The following safety information should not to be included in the RSI section of an IB, but should be presented elsewhere in the IB (e.g. in a table, preferably, located in the subsection on Safety under ‘Effects in Humans’ or in the section ‘Summary of Data and Guidance for the Investigator’, near the RSI section) if available:

  • Adverse events (AEs) that were considered unrelated to the IMP by both the investigator and the sponsor,
    Serious adverse events (SAEs) that were considered unrelated to the IMP by both the investigator and the sponsor,
    Non-serious ARs, Fatal ‘suspected’ SARs that are considered unexpected and need to be reported as SUSARs, unless they are included in section 4.8 of the correspondent EU SmPC, Life-threatening (as assessed by the investigator) suspected SARs that are not considered to be ‘expected’ SARs for the IMP and need to be reported as SUSARs.
  • SAR that has occurred only once, unless there is a very strong plausibility of a causal relationship with the IMP and a robust justification based on the medical judgment is provided.

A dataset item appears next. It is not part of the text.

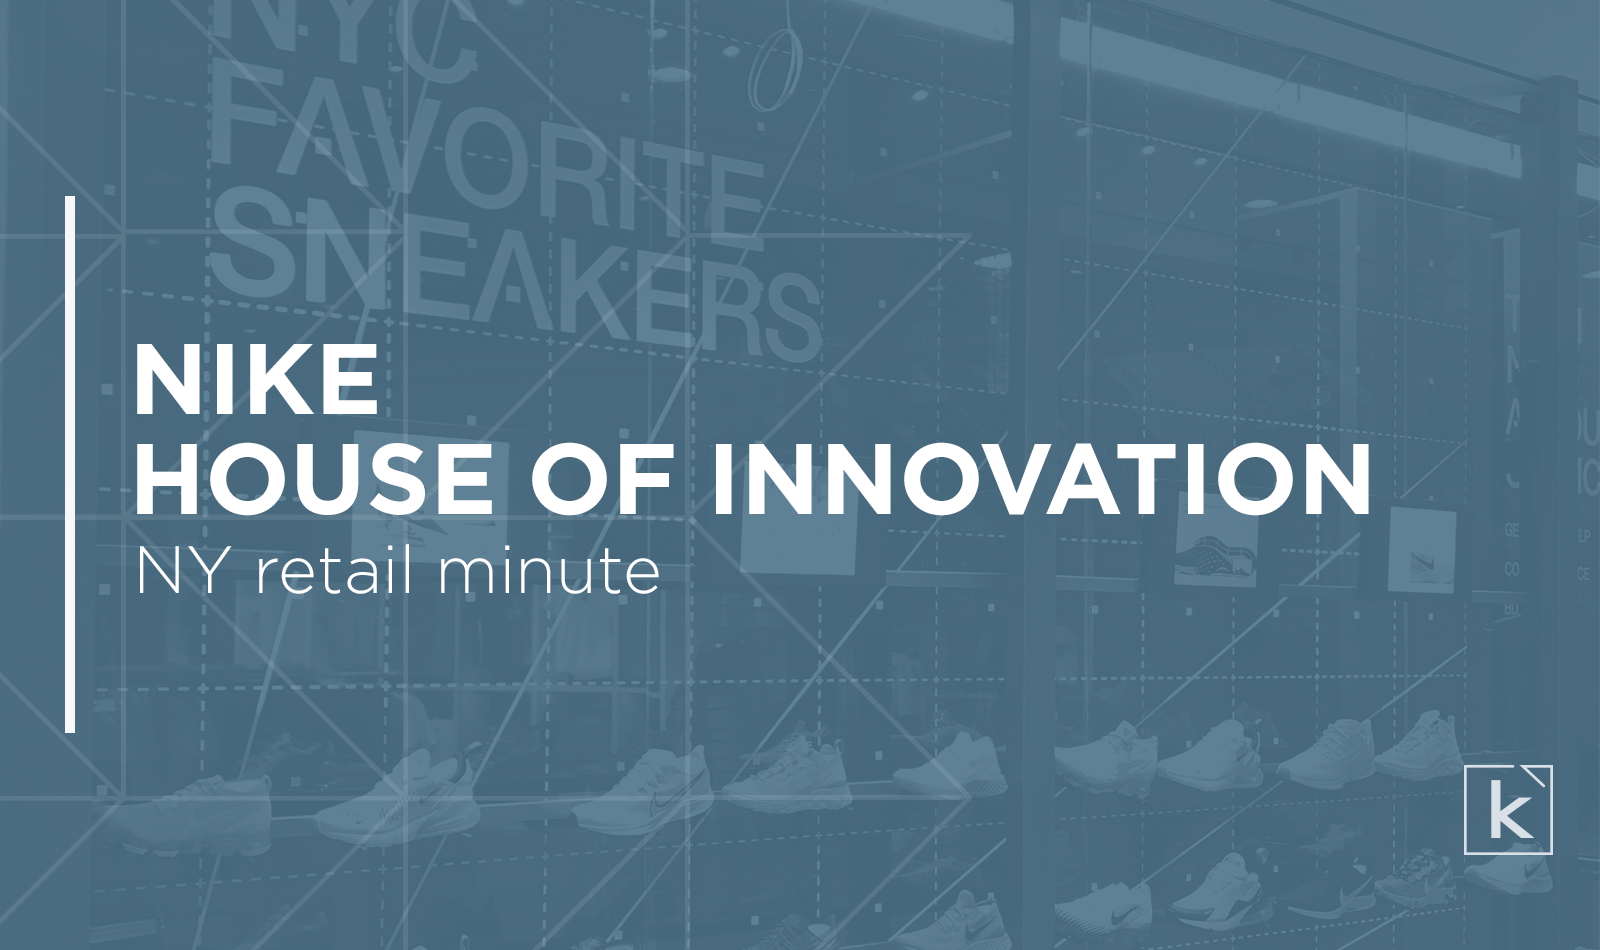 nike-house-of-innovation-ny-retail-minute

  • Deaths or SAEs also considered efficacy endpoints in trials with high mortality or morbidity accepted in the authorized protocol by the competent authority to be treated as disease-related events and not subject to systematic unblinding. However, careful assessment should be performed in cases where disease-related events appear to be enhanced by the IMP. In accordance with CT-3 guidance, a causality assessment is required for each SAE, and if the investigator considers the disease-related event to be IMP-related and the event is serious then it must be reported as a SUSAR.
  • SARs that are expected for similar products within the therapeutic class, which did not occur in subjects taking the IMP.